Friends Don’t Let Friends Use JSON (in their data lakes)

Tags: , , , ,

I’ve never been a JSON hater. In fact, I think it’s the only sane choice for structured logging. But I’ve recently run into enough pain with JSON as a data serialization format that my feelings are edging toward dislike.

Unfortunately, JSON is a fact of life in most data pipelines, especially those that receive event-stream data from a third-party supplier. This post reflects on some of the problems that I’ve seen, and solutions that I’ve used.

The problems

Limited data types

The JSON spec defines three scalar data types: strings, numbers, and booleans.

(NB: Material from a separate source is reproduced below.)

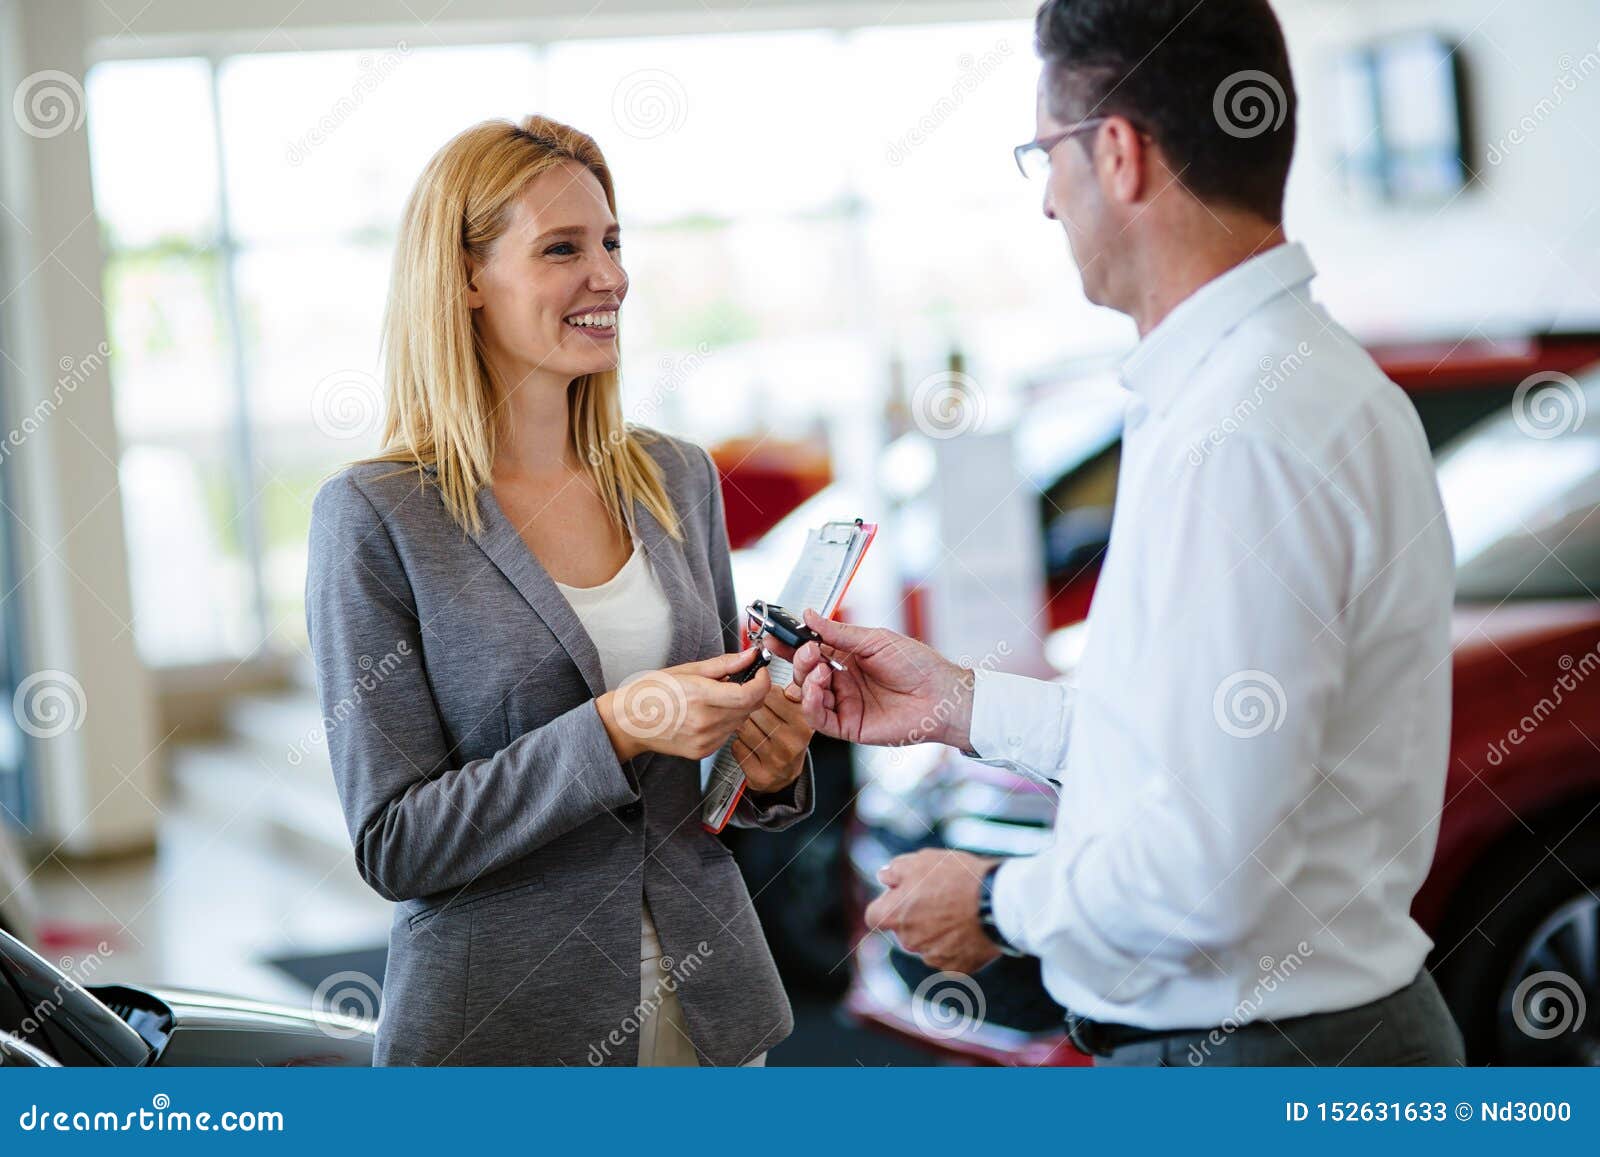 professional salesperson during work with customer at car dealership. giving keys to new car owner.
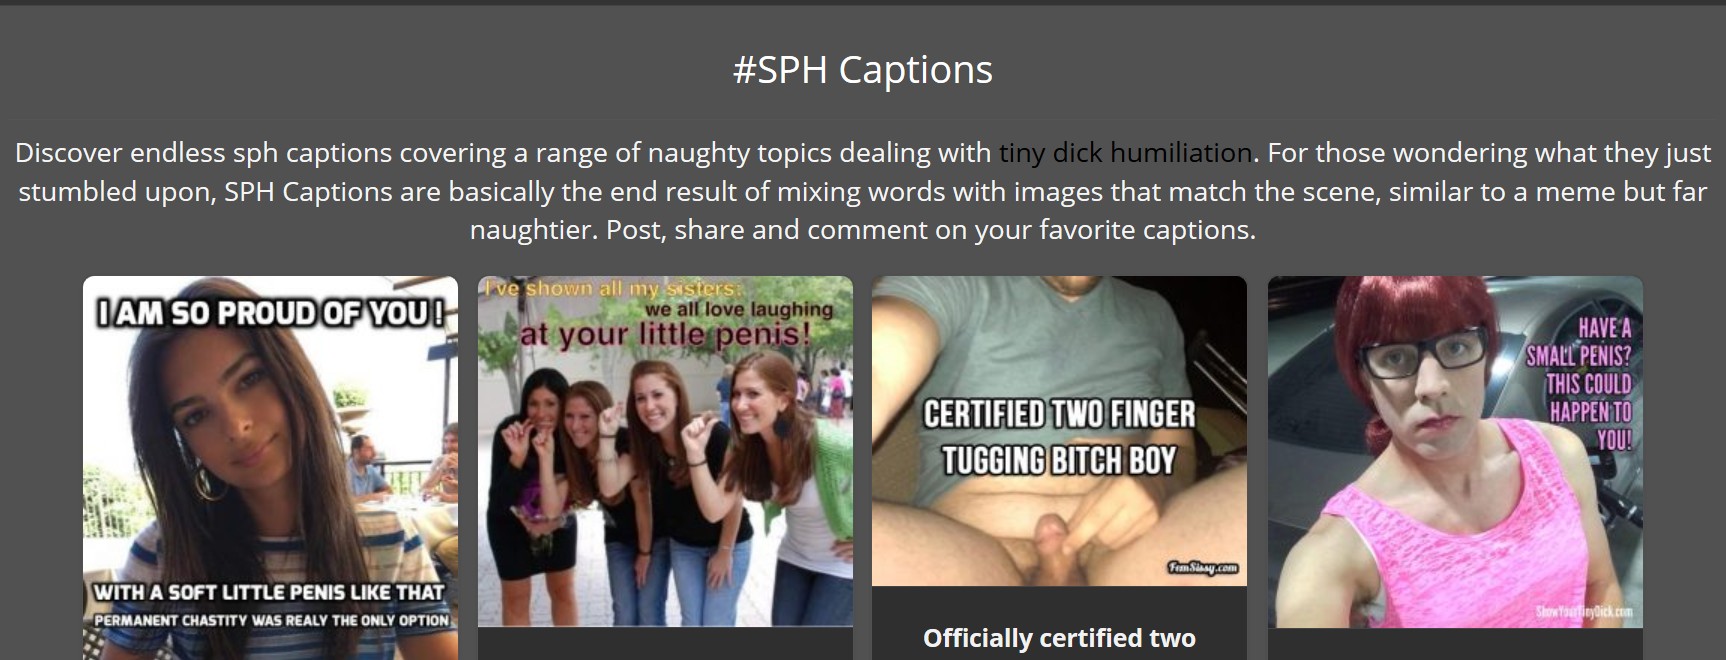 SPH captions on freakden.

There’s no support for the dates and timestamps that are an ever-present component of business data (especially event streams). And while the spec assumes infinite-precision for numbers, most real-world JSON parsers use double precision floating point numbers, matching JavaScript. This means that you can’t use JSON numbers to represent fixed-point money types or numeric IDs that are more than 14 digits long. Not that that stops people from doing so.

Data type inference

Services such as AWS Glue can look at your data to infer its structure. For simple JSON structures this is easy — after all, you just have numbers and strings to work with. But real-world data often isn’t easy. For one thing, fields may be present in some records but not others; while JSON has the idea of null, serializers often just omit null values. And nested objects may contain vastly different data structures, especially if the top-level object is a container for event data.

Worse, field contents often change. A field that only held integers when the data was first crawled now contains a floating-point number or a string. That might be caught by your crawler, or it might not: crawlers don’t always look at every file. And your crawler might respond in different ways: perhaps it leaves the original field definition in place; perhaps it creates new table definitions for the file(s) that have different field values. Regardless, the main way that you learn about such problems is when your query fails or doesn’t return the expected data.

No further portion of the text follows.